Long Terminal Repeat (LTR) retrotransposons (RTs) are widespread and ubiquitous in the plant kingdom (Flavell et al. 1992; Voytas et al. 1992; Suoniemi et al. 1998) where they constitute significant portions of many genomes (Feschotte et al. 2002; IRGSP 2005; Tuskan et al. 2006; Jaillon et al 2007; Zuccolo et al. 2007; Ming et al. 2008). They contribute actively to genome size variation (Hawkins et al. 2006; Piegu et al. 2006; Neumann et al. 2006; Ammiraju et al. 2007) and gene expression (Varagona et al. 1992; Leprinc et al. 2001; Kashkush et al. 2003) and are involved in genome rearrangements (Ma et al. 2005). Because of their potentially mutagenic effects, transposable elements (TEs) are strictly regulated by epigenetic silencing mechanisms (Lisch 2009) and are major targets for DNA methylation in plant genomes (Bender 2004).

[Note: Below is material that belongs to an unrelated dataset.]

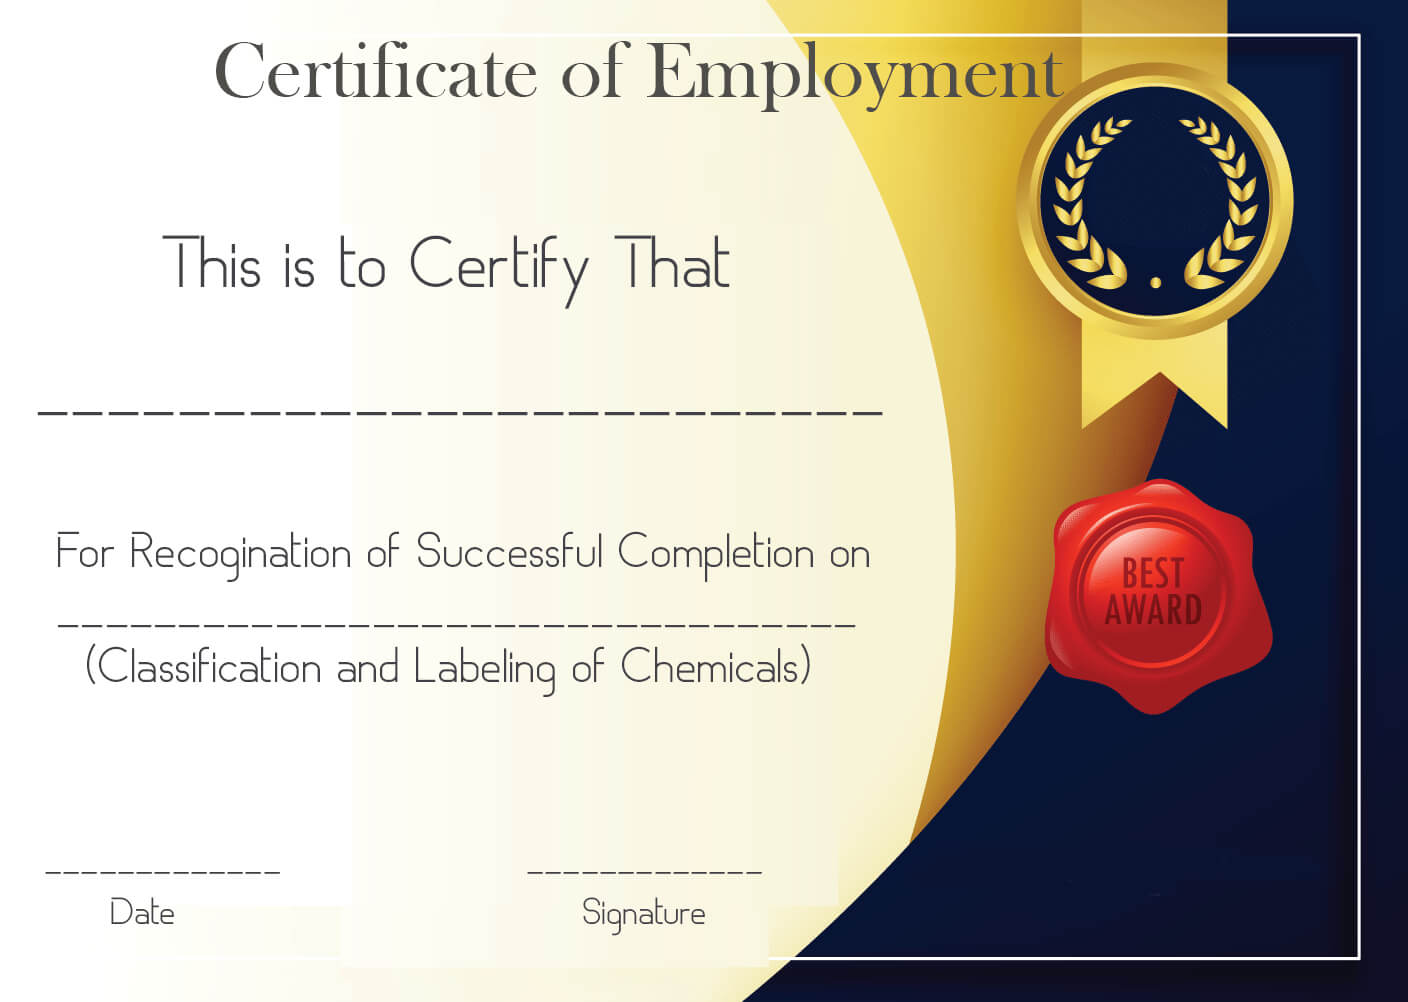 Free Sample Certificate Of Employment Template | Certificate Throughout Best Performance Certificate Template

Useful information about the “history” of LTR-RTs in a genome is provided by the comparative study of their insertion times in the host genome that can be inferred from the comparison between the two LTRs from each individual element. Due to the mechanisms of retrotranscription and insertion, LTR-RTs contain two identical LTRs at the moment of insertion (Lewin 1997). Over time, each LTR in a pair accumulate independent mutations and diverge (SanMiguel et al. 1998). Thus, sequence comparison between pairs of divergent LTRs allows one to estimate when an insertion in the host genome occurred when combined with an appropriate substitution rate.
Although substitution rates have been made for genes (Gaut et al. 1996) and LTR-RTs (Ma and Bennetzen 2004; Vitte et al. 2004), very little is known about the extent of LTR-RT substitution rate variation as well as the factors contributing to this variation. To better understand substitution rate variation associated with LTR-RTs and factors contributing to such variation, we took advantage of a unique plant within-genus sequence data set of chromosome 3 short arms from two cultivated Oryza species—Oryza sativa ssp. japonica (Asian rice) and Oryza glaberrima (West African rice). The length of the two chromosome 3 short arms studied is 17,111,432 bp in the case of O. glaberrima and 19,401,704 in that of O. sativa. We identified all orthologous LTR insertions between O. sativa and O. glaberrima, inferred their substitution rates, and then compared these rates with flanking sequences unrelated to TEs. We found that the substitution rates in LTRs vary by more than 5-fold, that this variation is positively correlated with the G+C content, and tends to increase near the centromere.
Materials and methods
The short arm of chromosome 3 (Chr3S RefSeqs) in O. sativa was obtained from http://rgp.dna.affrc.go.jp/IRGSP/Build4/chr03.fasta.gz (IRGSP 2005). The corresponding orthologous sequences of O. glaberrima were obtained from BACs whose GenBank accession numbers are in Supplementary Table 1.
Mining orthologous LTR retrotransposons sequences from O. sativa and O. glaberrima
Sequence data analyses
The orthologous LTR+NRR tracts were aligned using the program “Stretcher” (EMBOSS package—Rice et al. 2000) and were edited using the program JalView 2.3 (Clamp et al. 2004). Genetic distances between orthologous tracts (i.e., LTRs and non-repeat flanking sequences) were estimated using the Kimura 2 parameters method (Kimura 1980) as implemented in the program “Distmat” (EMBOSS package—Rice et al. 2000). Mutations were analyzed using the program DNAsp V.4 (Rozas et al. 2003). The G+C content was determined using a custom PERL script available upon request.
All the statistical analyses were carried out using scripts implemented in R language (R Development Core Team 2009).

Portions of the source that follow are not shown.